Environmental Consequences

Why Any Use of Nuclear Weapons is a Catastrophe for the Planet

In assessing the environmental impact of potential investment decisions, banks should take into account the environmental harm caused by the manufacture and use of nuclear weapons.

Case Studies

Case Study #1: Nuclear Famine

Climate scientists have shown that a limited regional nuclear war involving 100 Hiroshima-sized nuclear weapons – a small fraction of the total number of nuclear weapons in the world today – would result in global climatic disruption. Nuclear explosions would cause smoke and soot from urban firestorms to rise into the upper troposphere and stratosphere, blocking 7–10 per cent of warming sunlight from reaching earth.

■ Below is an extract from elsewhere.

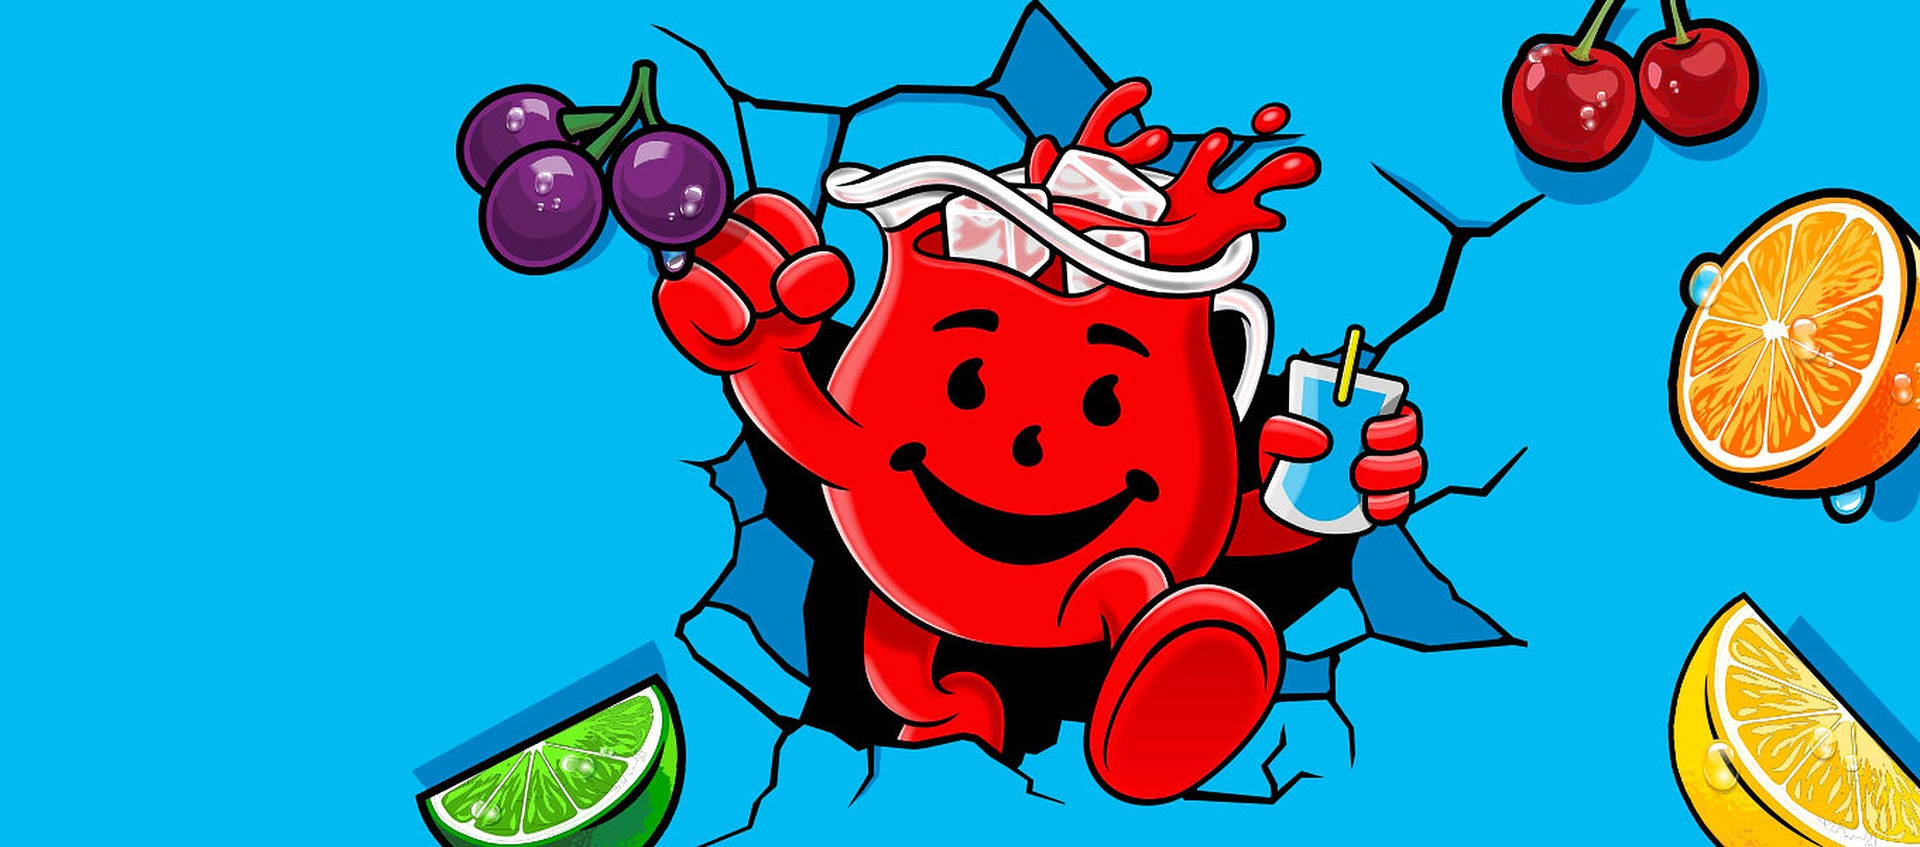 Kool-aid Man, The Iconic Drink Mascot, Surrounded By Assortment Of Fruits Background

A regional nuclear war would also cause significant global cooling and reduce precipitation on average by 10 per cent. The lack of sunlight and rainfall, along with the drop in temperature, would dramatically decrease food production. Growing seasons for many grain-producing areas would be shortened by 10 to 20 days, with some crops being unable to propogate at all. The reduced availability of food would lead to mass global famine. It is estimated that up to one billion deaths would occur from starvation alone.

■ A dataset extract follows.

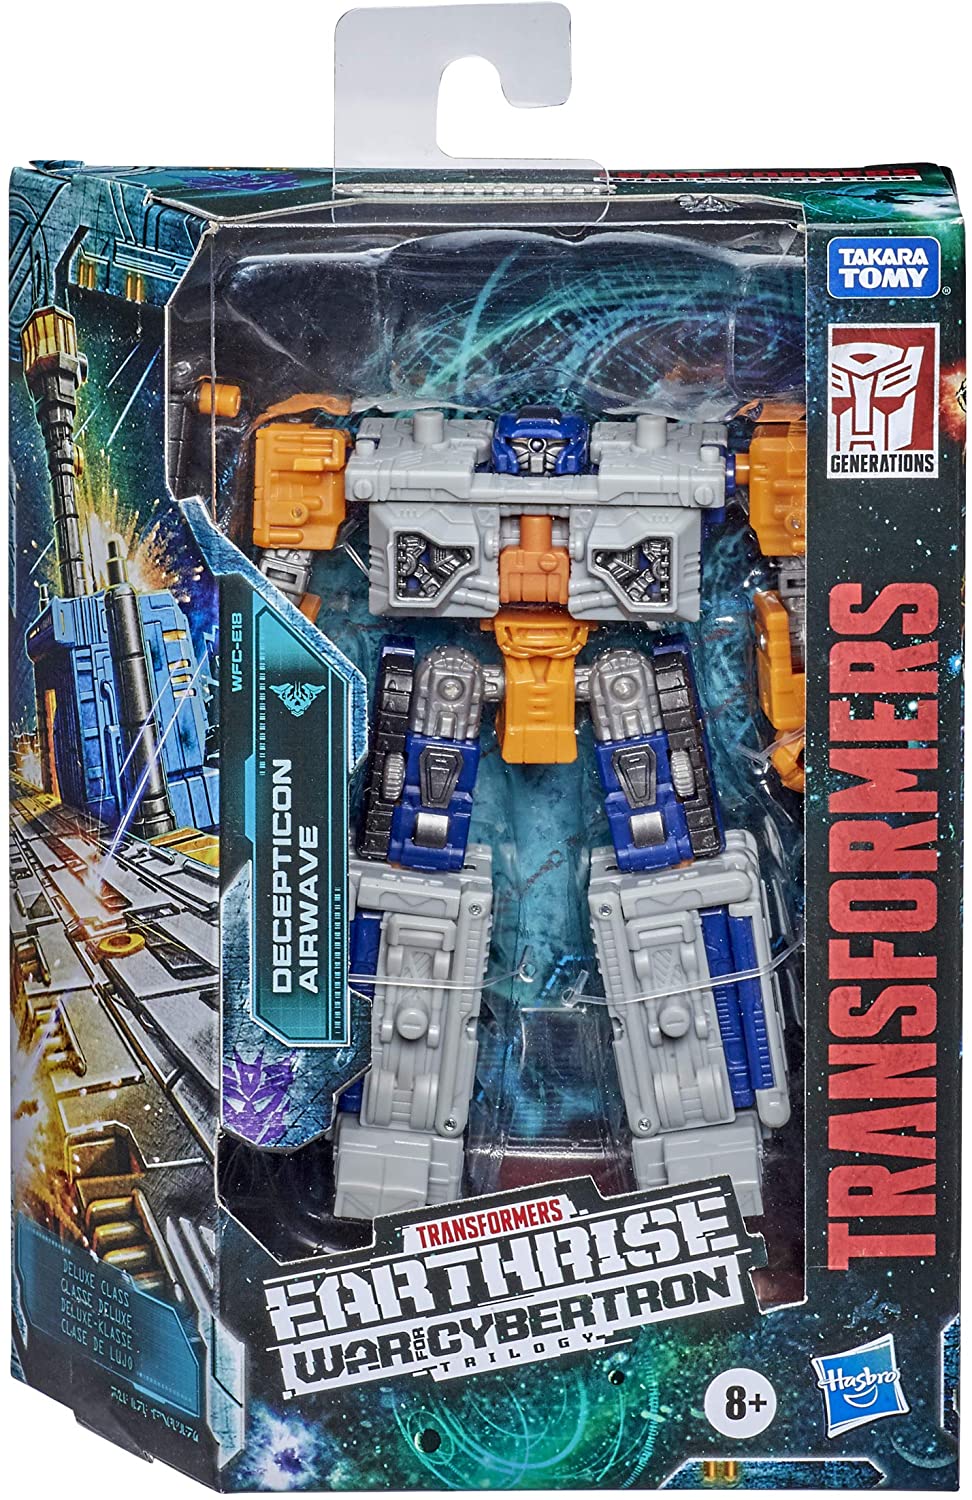 Transformers Earthrise: War for Cybertron Figures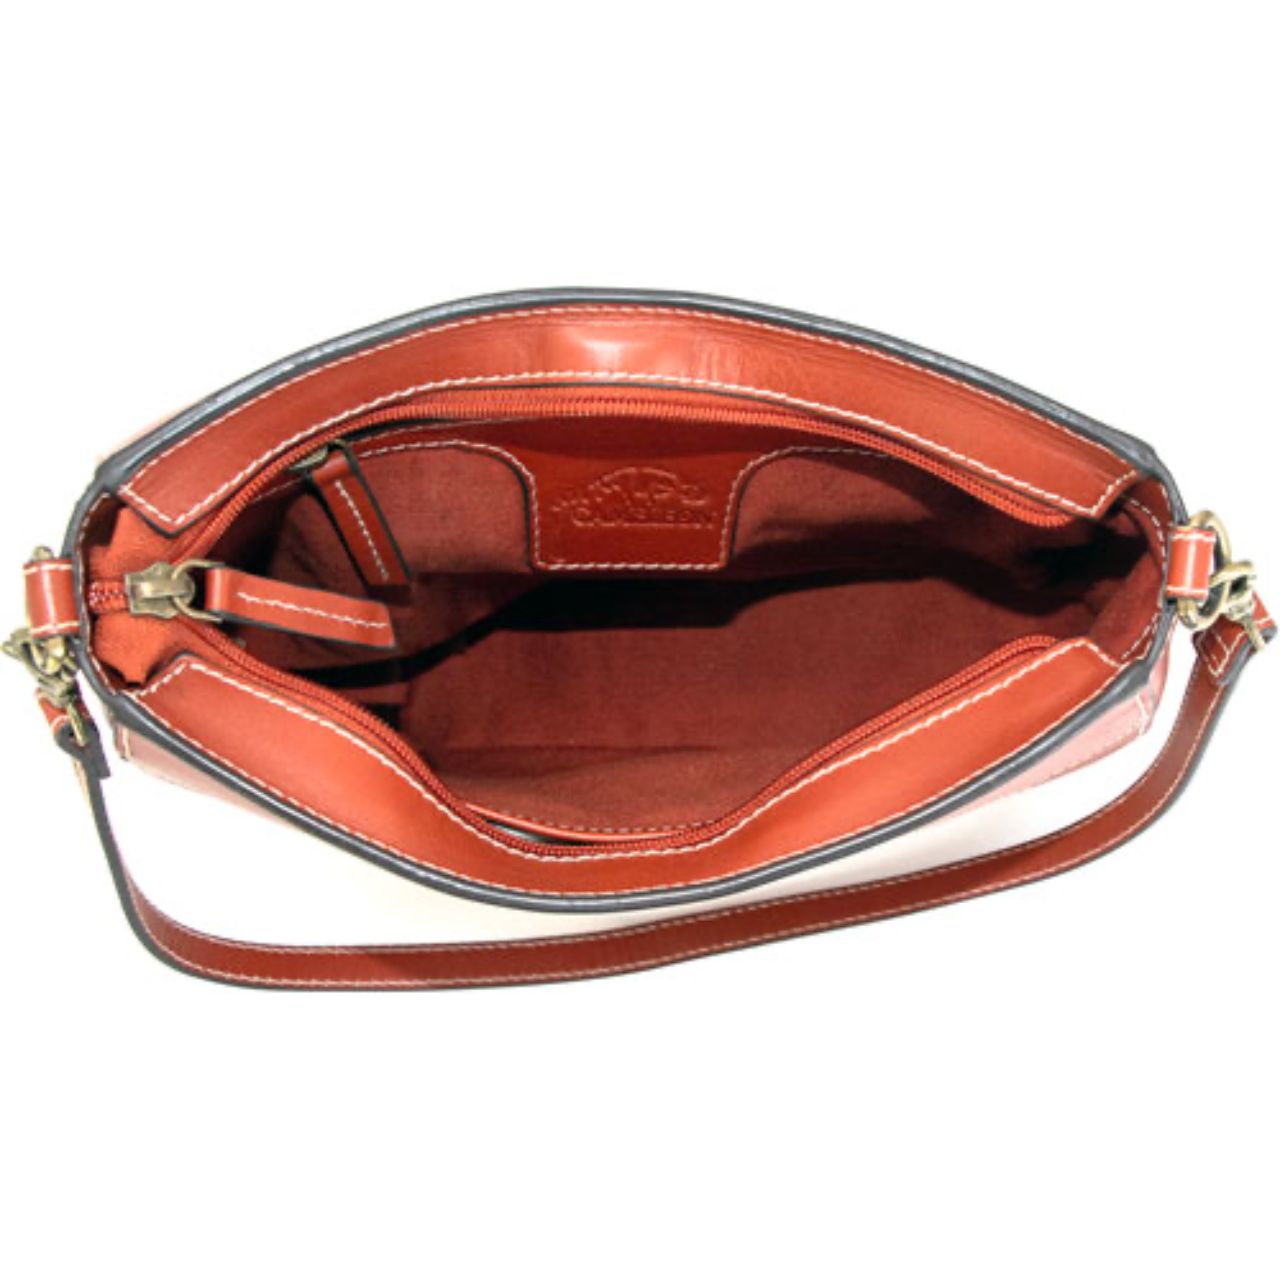 Interior of Cameleon "Saddle" concealed carry purse

This global famine would provide the perfect breeding ground for infectious diseases such as plague, typhus, malaria, dysentery and cholera. Competition for limited food would lead to further devastation, war and death caused by food riots and exacerbation of ethnic and regional animosities.

Case Study #2: Nuclear Ozone Hole

A regional or global nuclear conflict would dramatically deplete the earth’s ozone layer. According to scientists, a conflict between India and Pakistan that used 50 Hiroshima-sized nuclear weapons would produce approximately 6.6 teragrams of black carbon, which would deplete the global mean ozone column by as much as 25 per cent for five years following the conflict. At mid and high latitudes, the depletion would be most severe and longest lasting.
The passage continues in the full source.